DATA PROVIDED: Begin

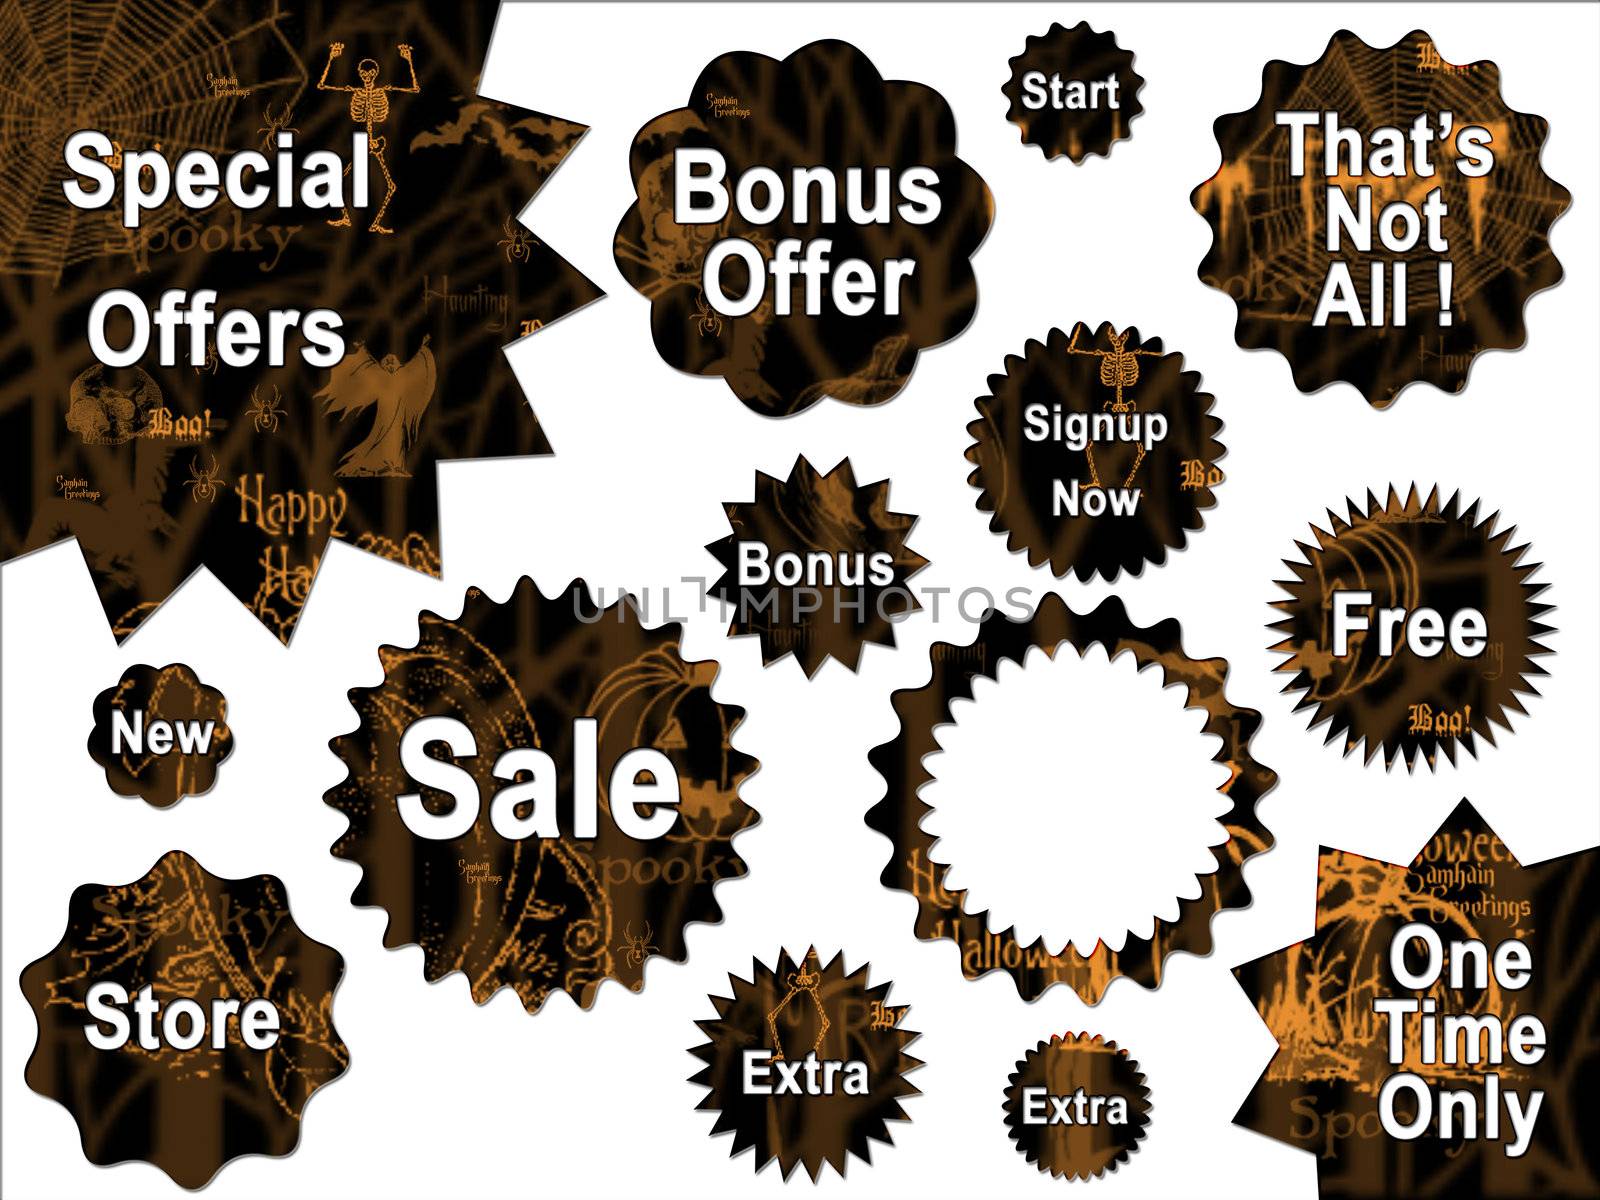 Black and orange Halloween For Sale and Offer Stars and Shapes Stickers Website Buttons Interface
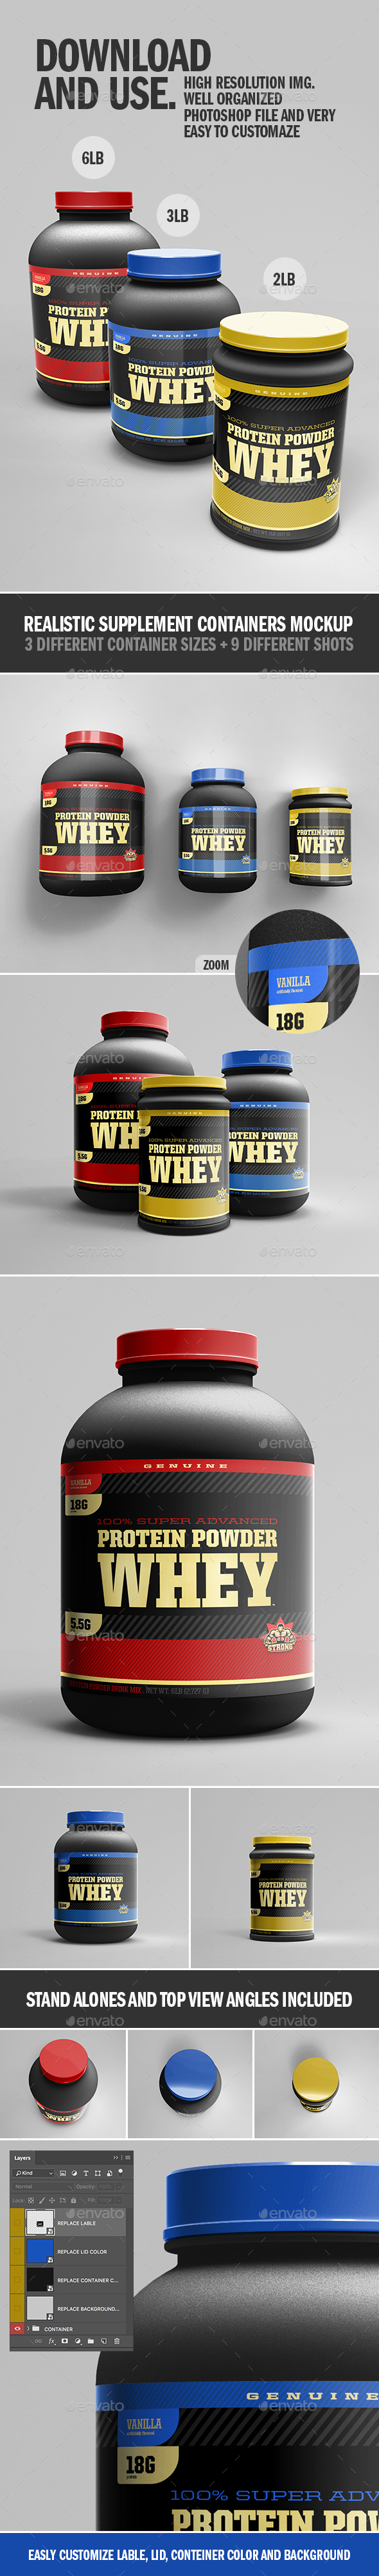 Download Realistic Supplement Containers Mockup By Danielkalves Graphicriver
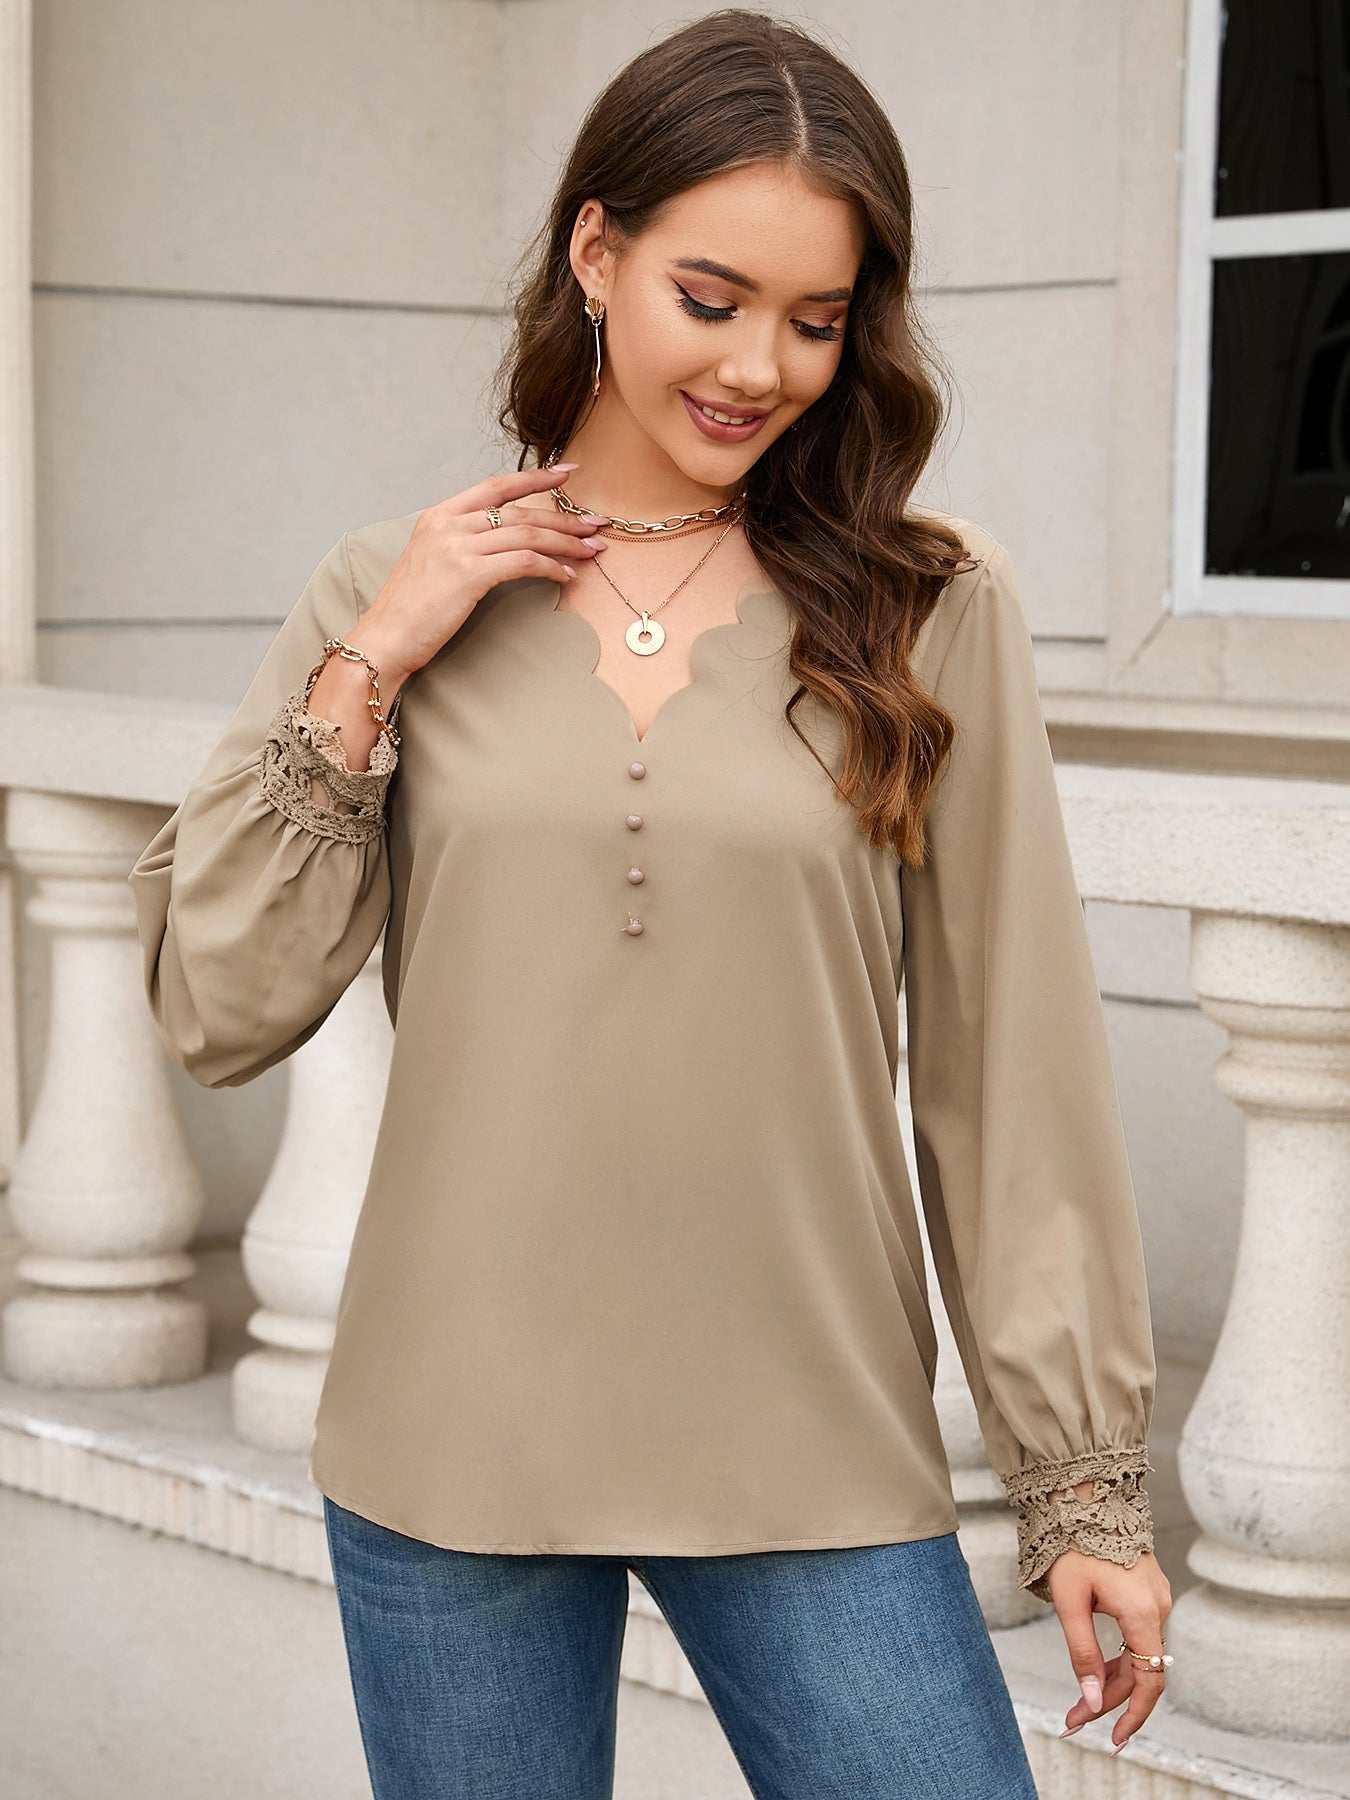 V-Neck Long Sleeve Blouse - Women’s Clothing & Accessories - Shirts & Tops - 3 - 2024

DATA PROVIDED: End

**WHAT YOU ARE ASKED TO DO**
Print the material word for word without images.

**ANSWER TO THIS EXERCISE**
 Black and orange Halloween For Sale and Offer Stars and Shapes Stickers Website Buttons Interface
 Download Realistic Supplement Containers Mockup By Danielkalves Graphicriver
 V-Neck Long Sleeve Blouse - Women’s Clothing & Accessories - Shirts & Tops - 3 - 2024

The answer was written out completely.